ASHA workers are classified as volunteers under Indian labour law, not employees. This classification allows the state to assign them the work of permanent government staff while avoiding the obligations of employment, fixed salary, pension, health insurance, or legal protection from unsafe working conditions. India has not ratified the ILO convention that would mandate occupational health and safety standards for the informal sector.

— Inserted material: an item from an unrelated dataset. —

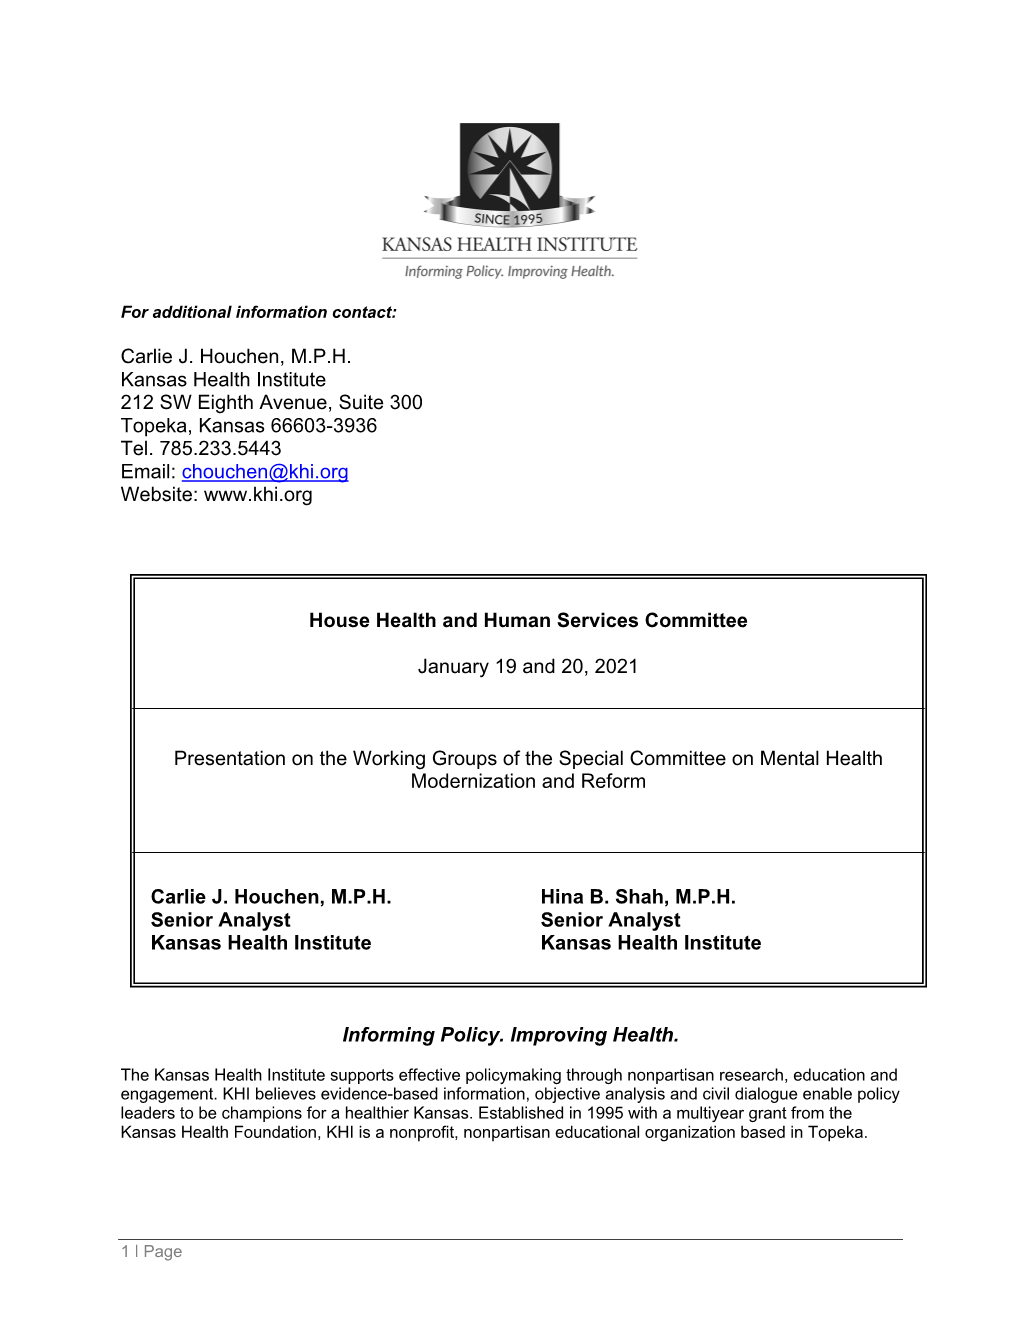 Working Groups of the Special Committee on Mental Health Modernization and Reform

The health consequences of working in this heat are specific and documented. Women who cannot relieve themselves in public routinely reduce their water intake, placing sustained stress on their kidneys. Among ASHA workers surveyed in Haryana, 68% reported worsened dehydration, 67% exhaustion, and 55% gastrointestinal or skin problems from heat. Older workers deal with UTIs, hot flashes, and hypertension while completing their rounds. There is no mandatory heat action plan that covers these workers. They are listed in Maharashtra's state climate action plan as essential to heat response work, with no training, compensation, or protection provided for any of it.

➡️ India's public health infrastructure runs on these women. Maternal health tracking, immunisation, polio camps, disease surveillance, Census enumeration, election booth duty, COVID response. When the pandemic hit, ASHA workers died doing this work and were not compensated. They are still waiting for payment from election duty. The state has built its last-mile health delivery system on labour it classifies as voluntary precisely so it does not have to pay for it properly or protect it legally.